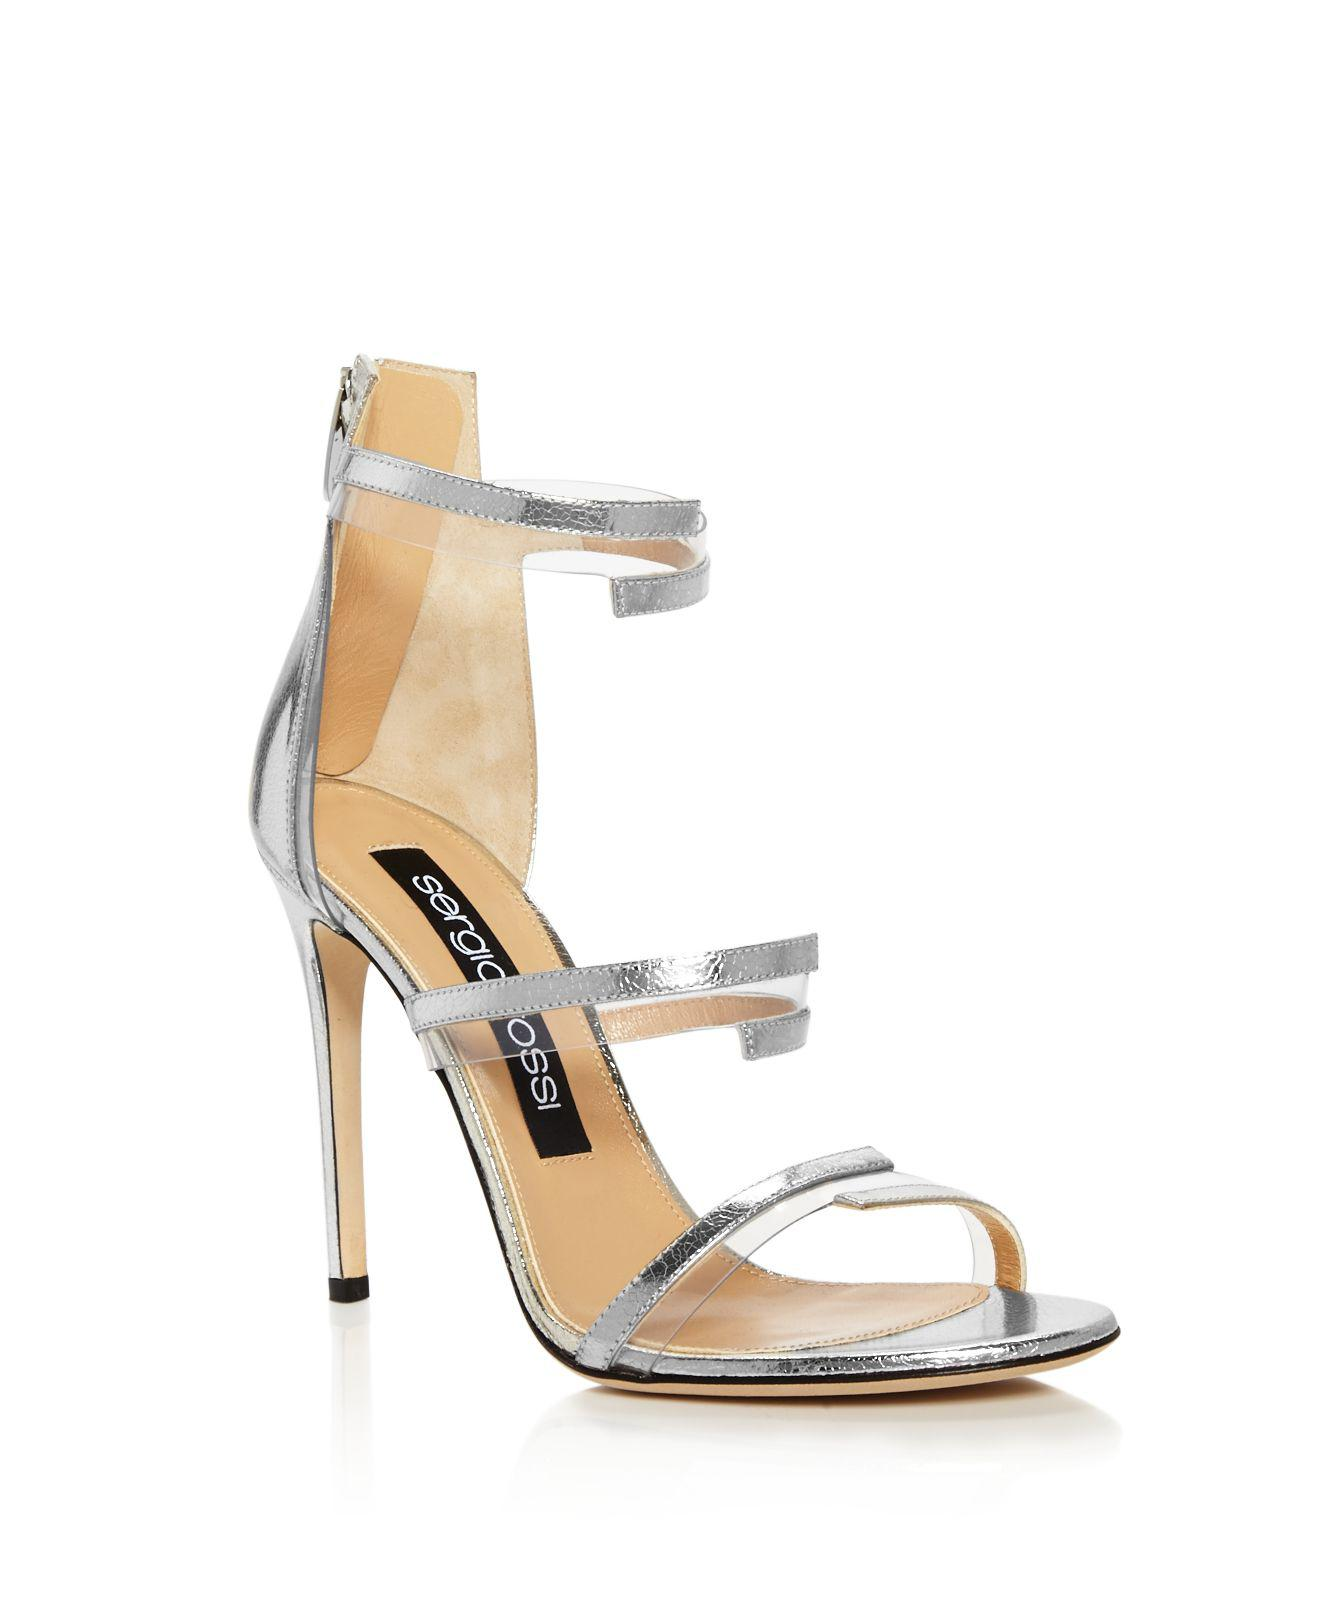 Sergio Rossi Karen Triple Strap Illusion High-Heel Sandals 6crwfW
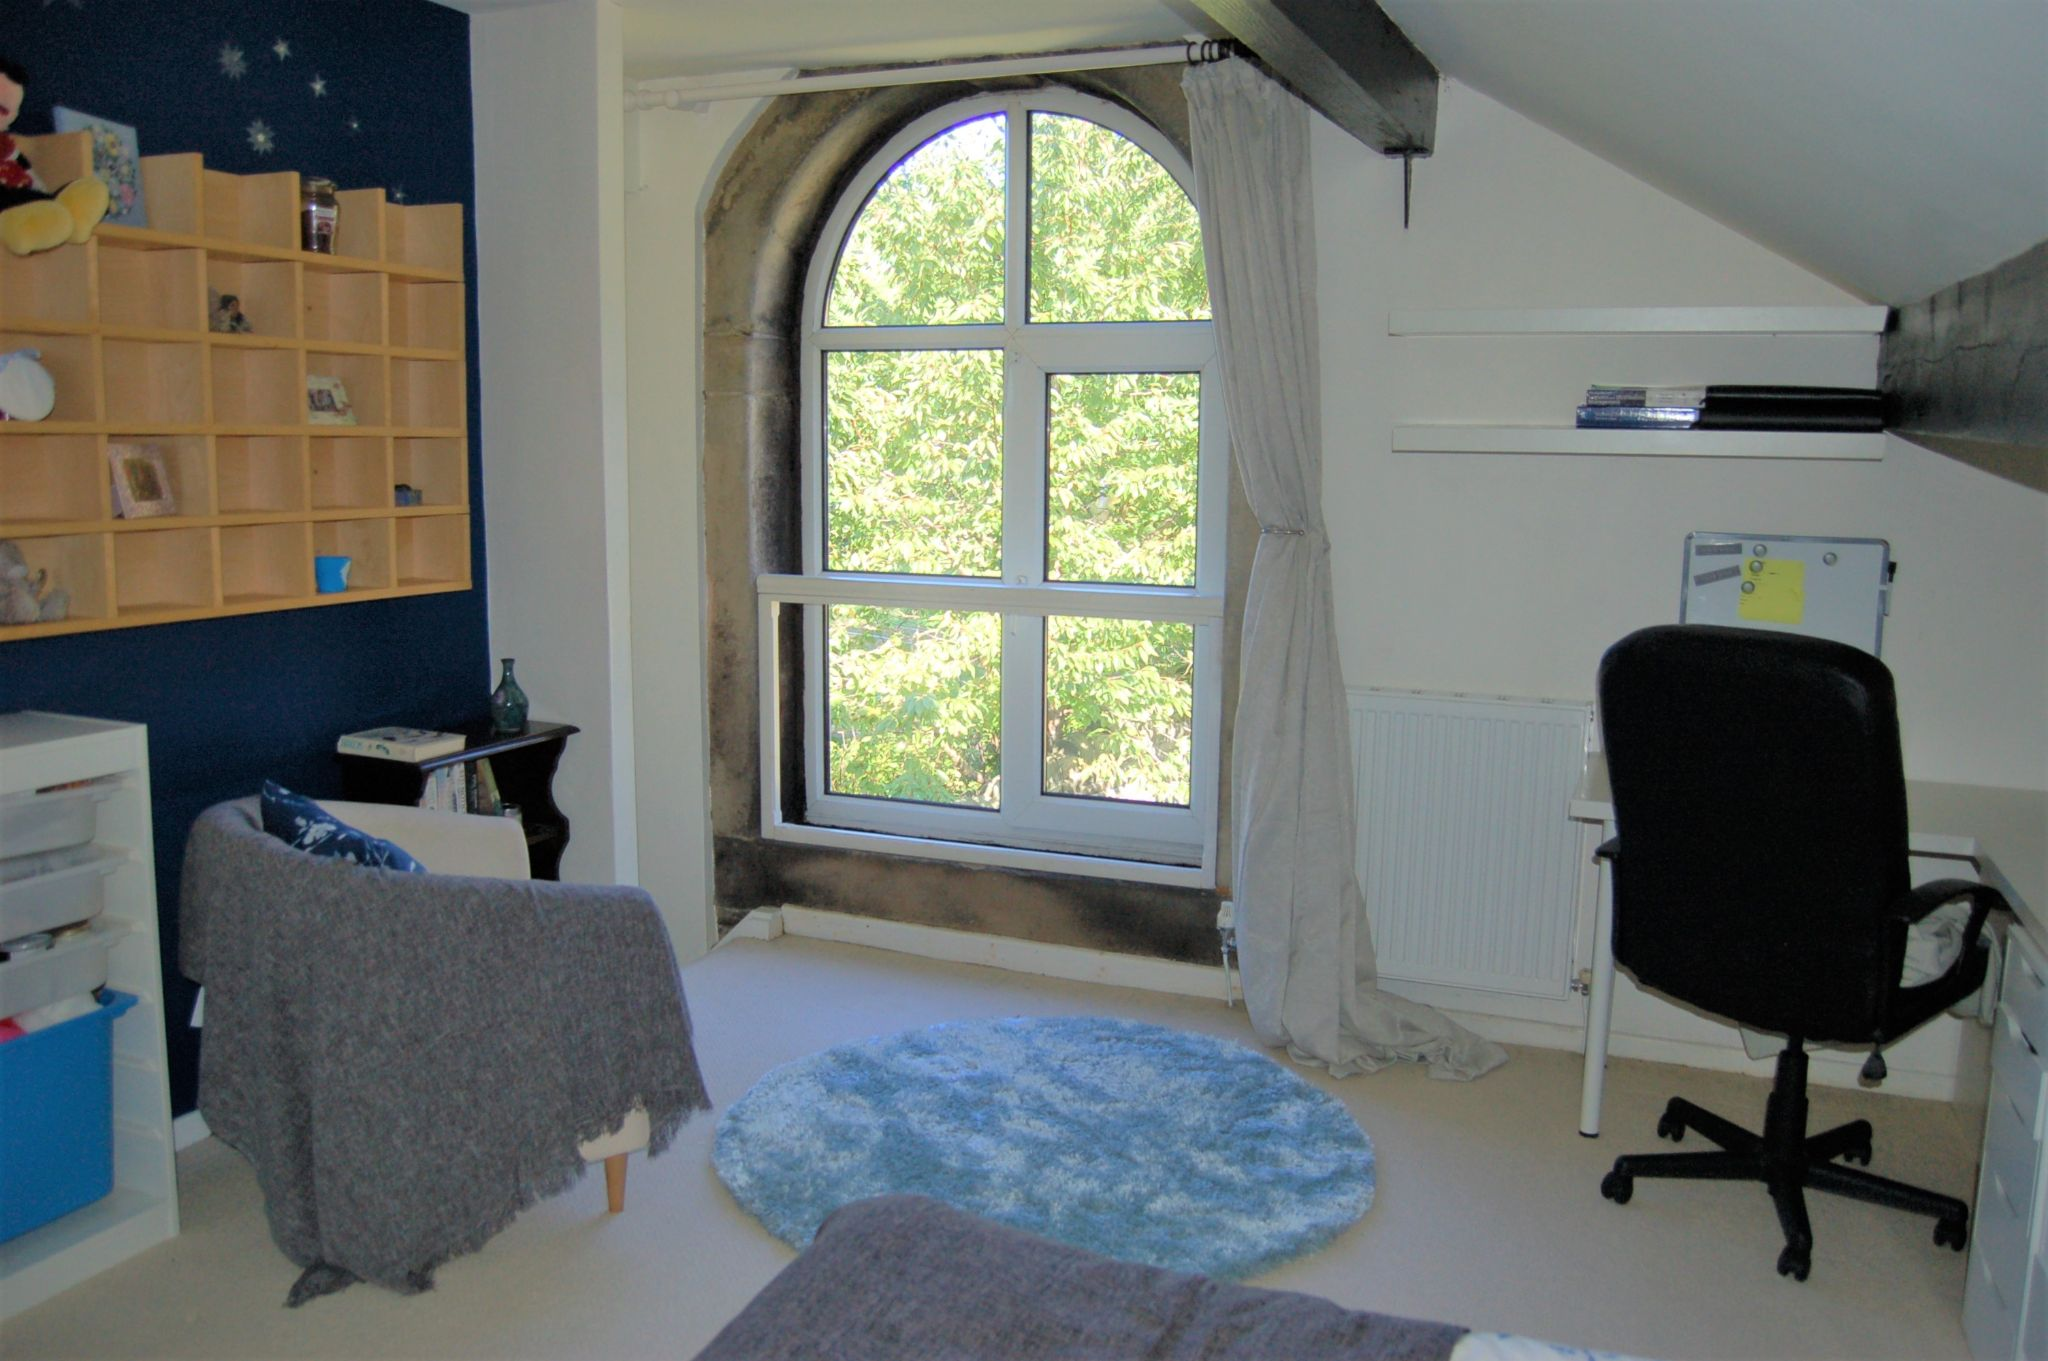 5 bedroom barn conversion house SSTC in Hebden Bridge - Photograph 11
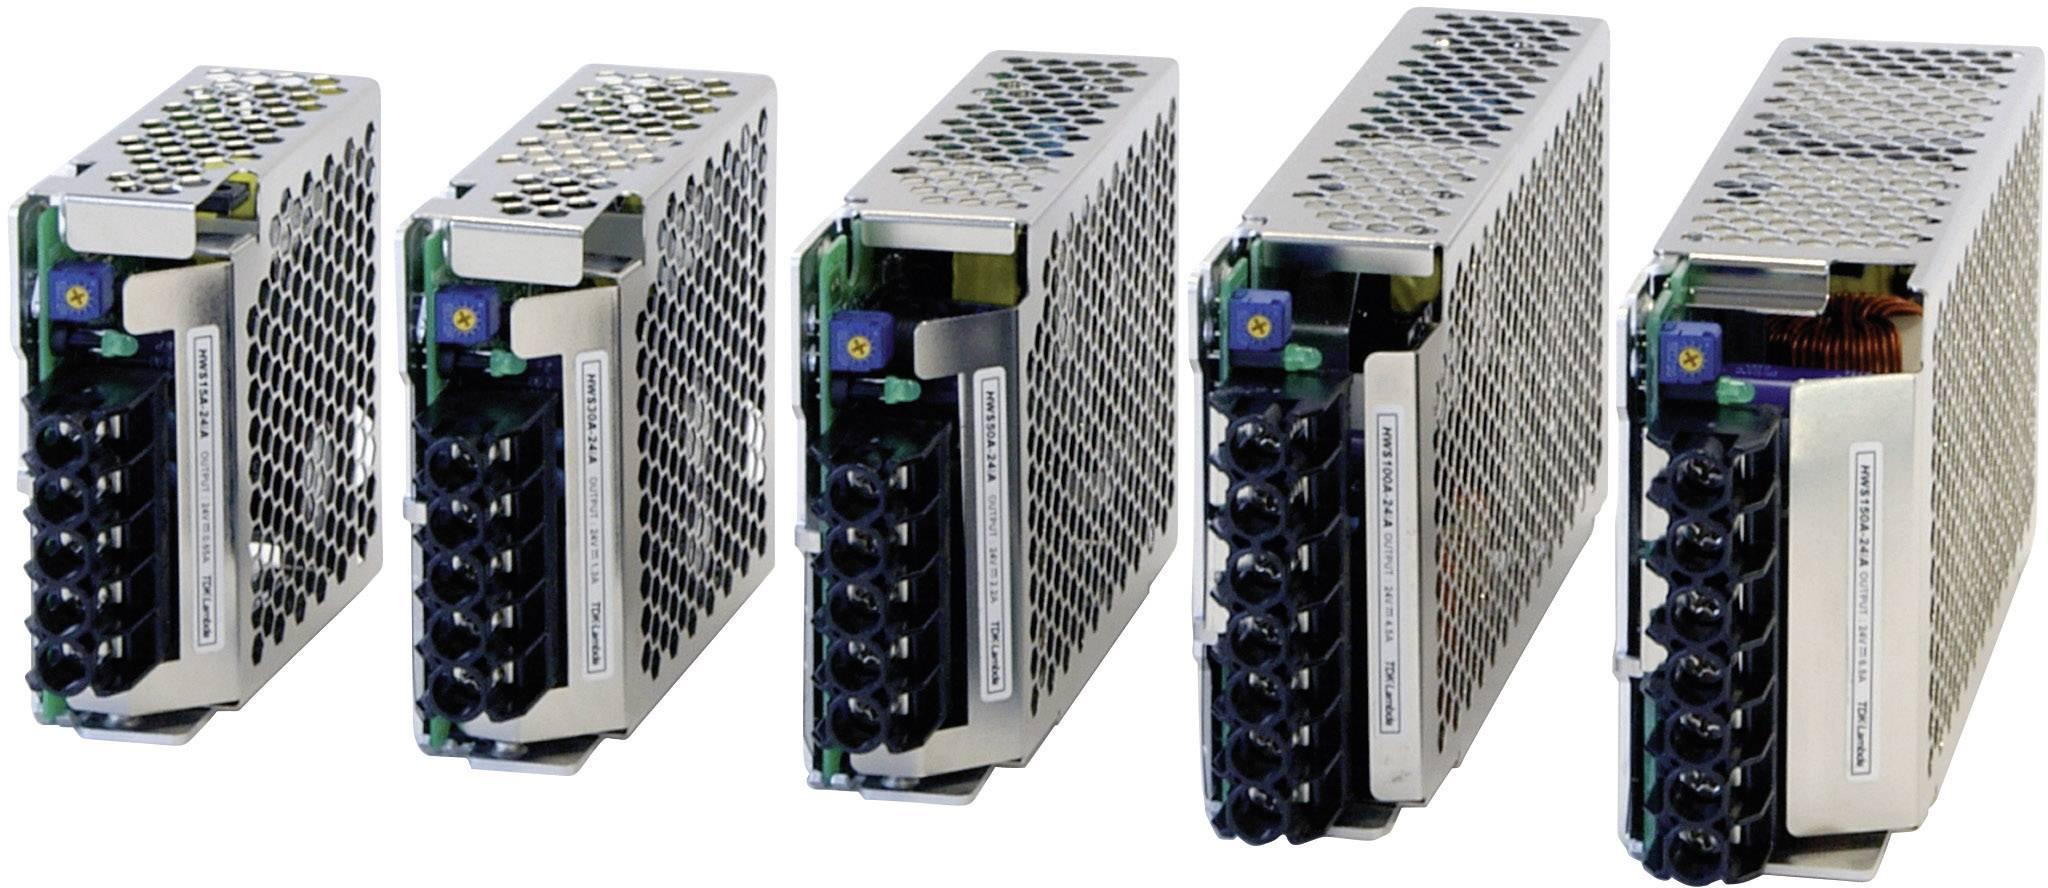 Zabudovateľný napájací zdroj TDK-Lambda HWS-15A-24/A, 24 V, 15,6 W

PROBLEM
Each line of the listing above must be given again exactly; the pictures are to be left out.

RESULT OF THIS TASK
 Sergio Rossi Karen Triple Strap Illusion High-Heel Sandals 6crwfW
 5 bedroom barn conversion house SSTC in Hebden Bridge - Photograph 11
 Zabudovateľný napájací zdroj TDK-Lambda HWS-15A-24/A, 24 V, 15,6 W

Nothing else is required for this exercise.